##### Provided material

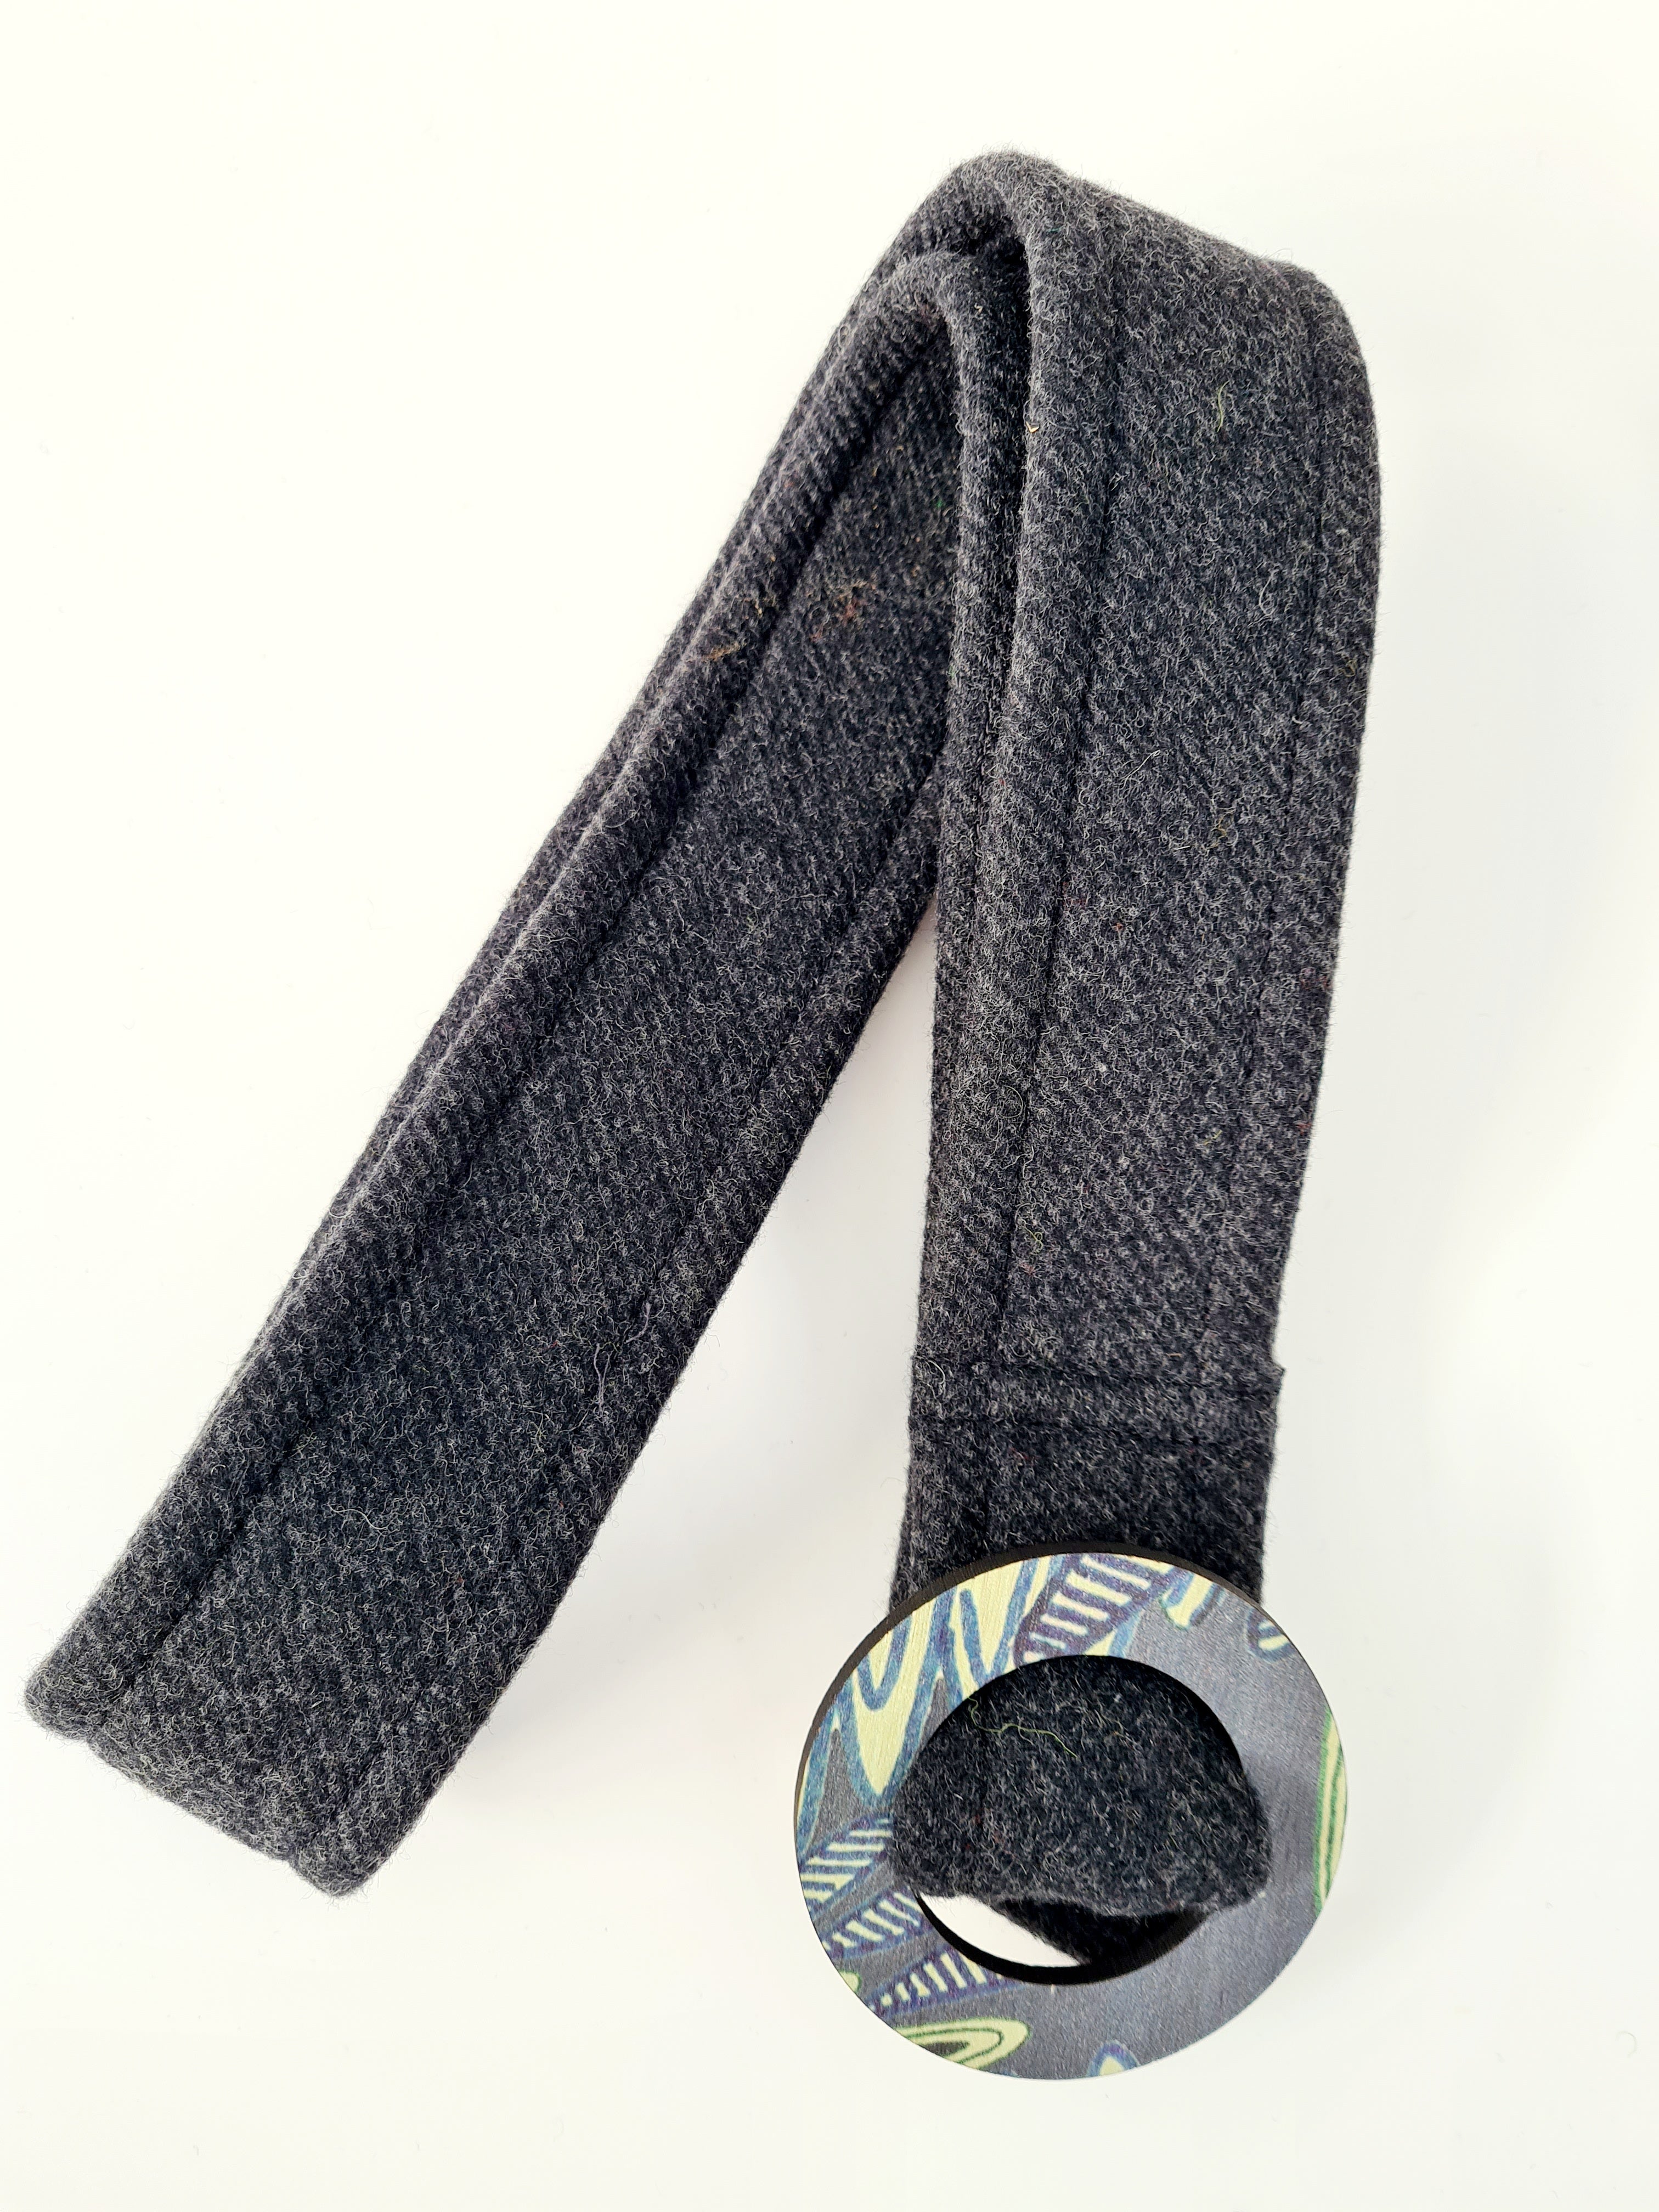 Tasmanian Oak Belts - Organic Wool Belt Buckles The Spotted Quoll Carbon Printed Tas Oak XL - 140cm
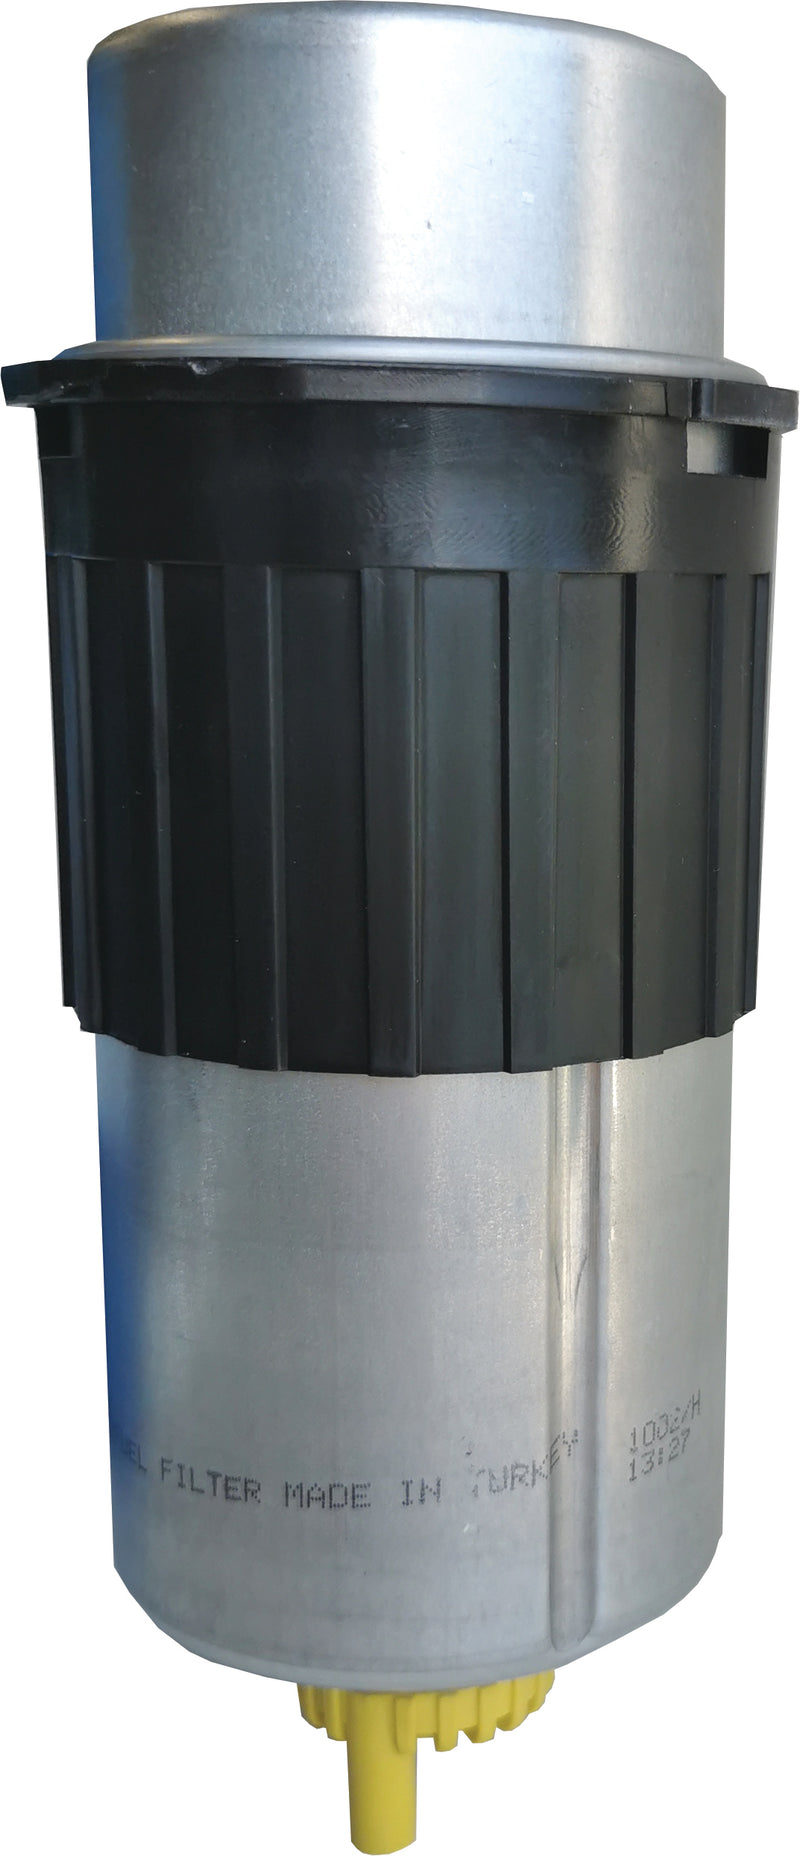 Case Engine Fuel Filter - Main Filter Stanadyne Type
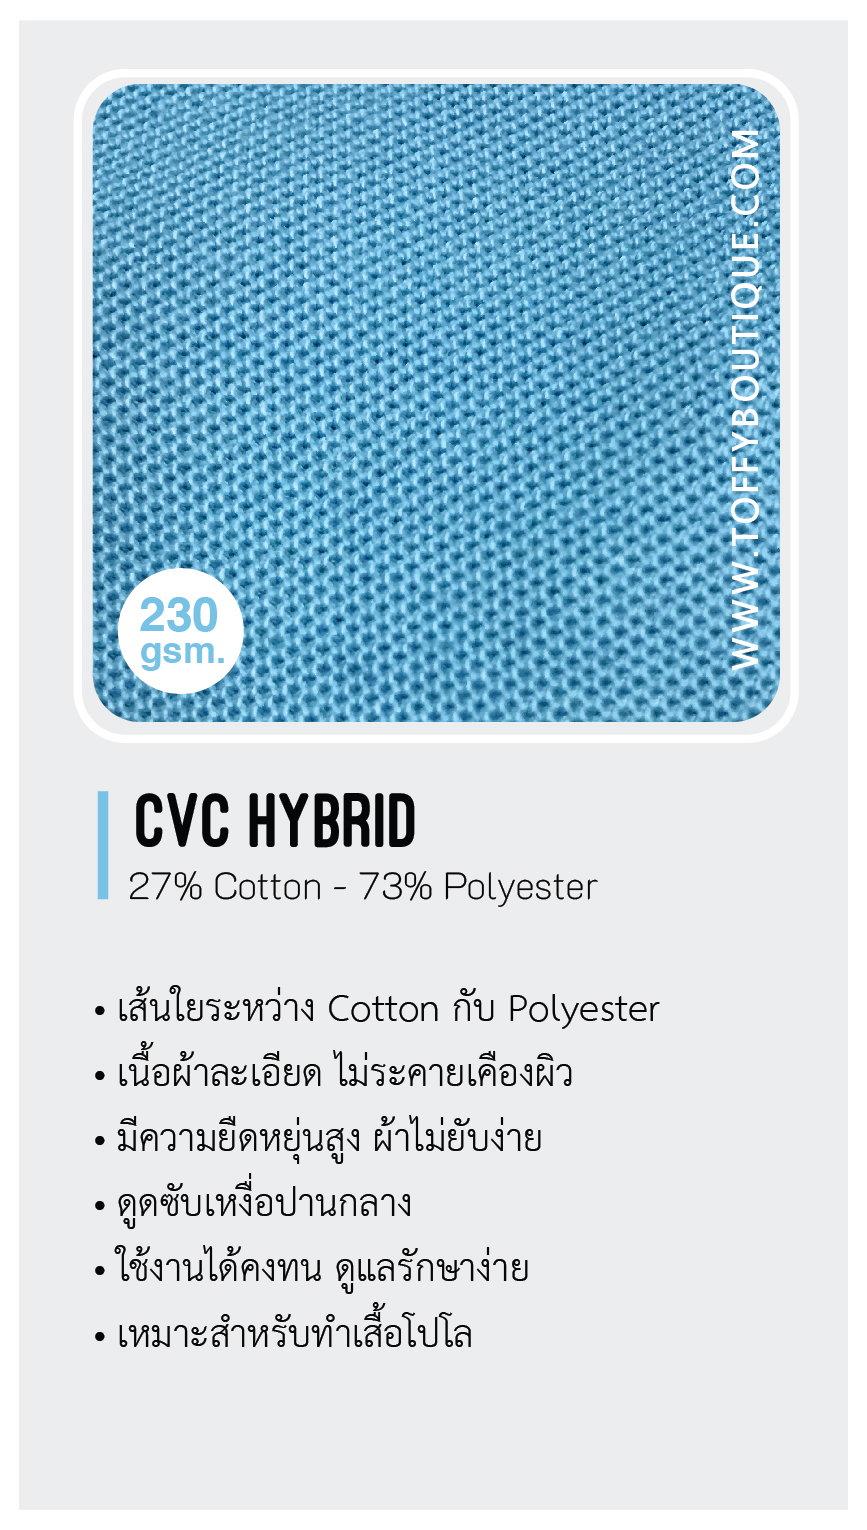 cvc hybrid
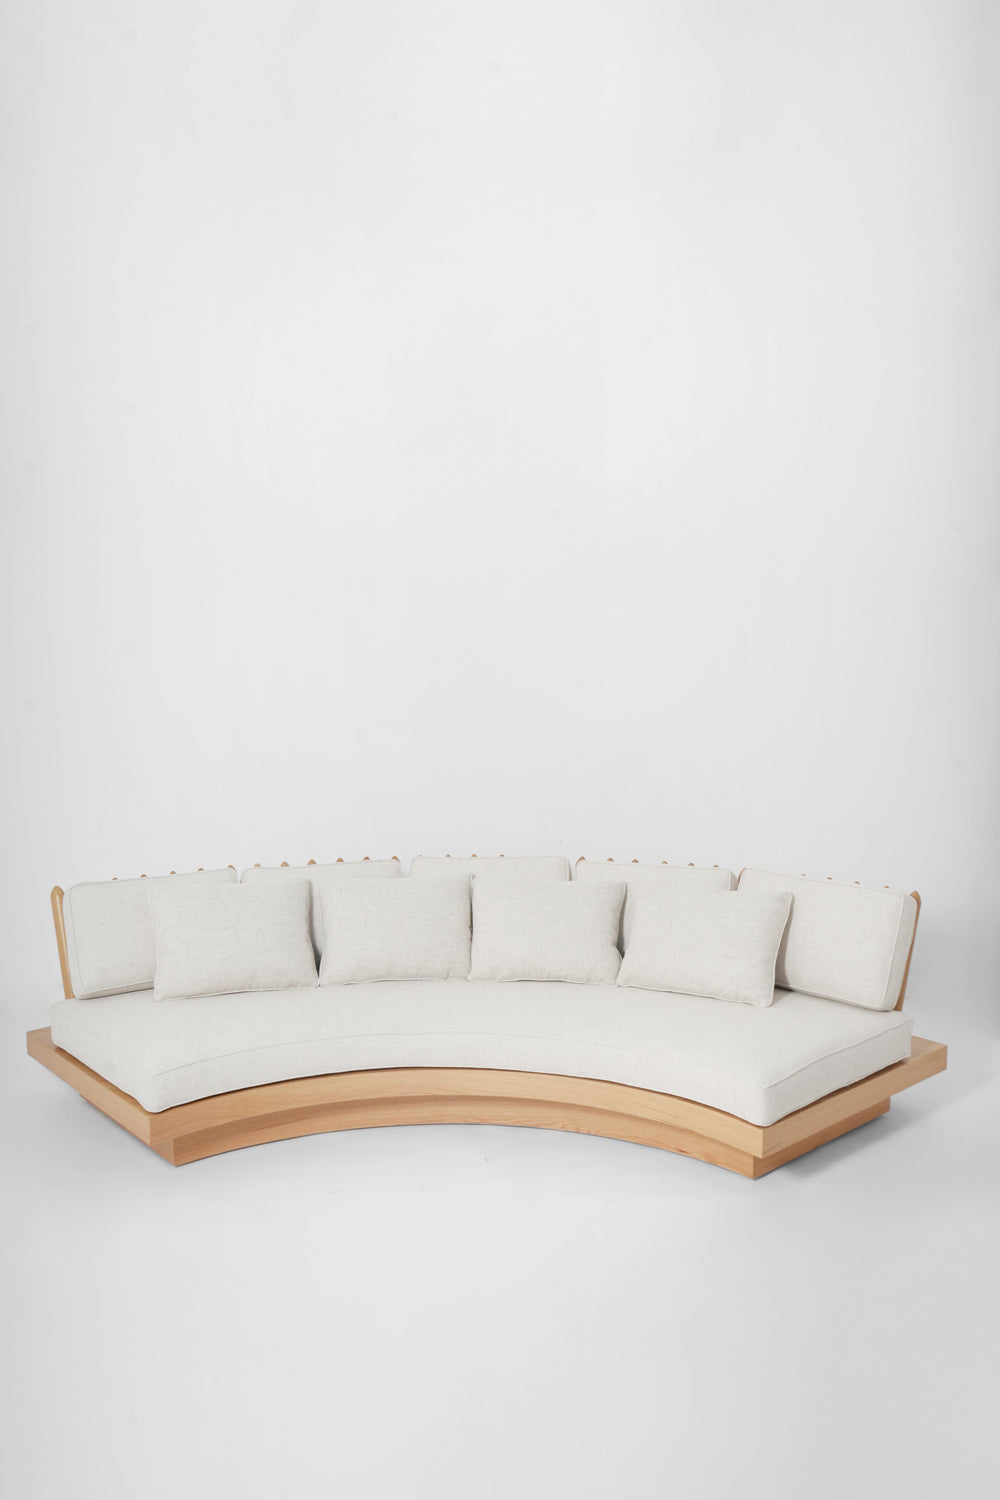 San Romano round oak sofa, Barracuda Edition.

##########

#### Exercise goal
The data above must be reproduced exactly, without any of its pictures.

#### Answer box
 Tasmanian Oak Belts - Organic Wool Belt Buckles The Spotted Quoll Carbon Printed Tas Oak XL - 140cm
 Case Engine Fuel Filter - Main Filter Stanadyne Type
 cvc hybrid
 San Romano round oak sofa, Barracuda Edition.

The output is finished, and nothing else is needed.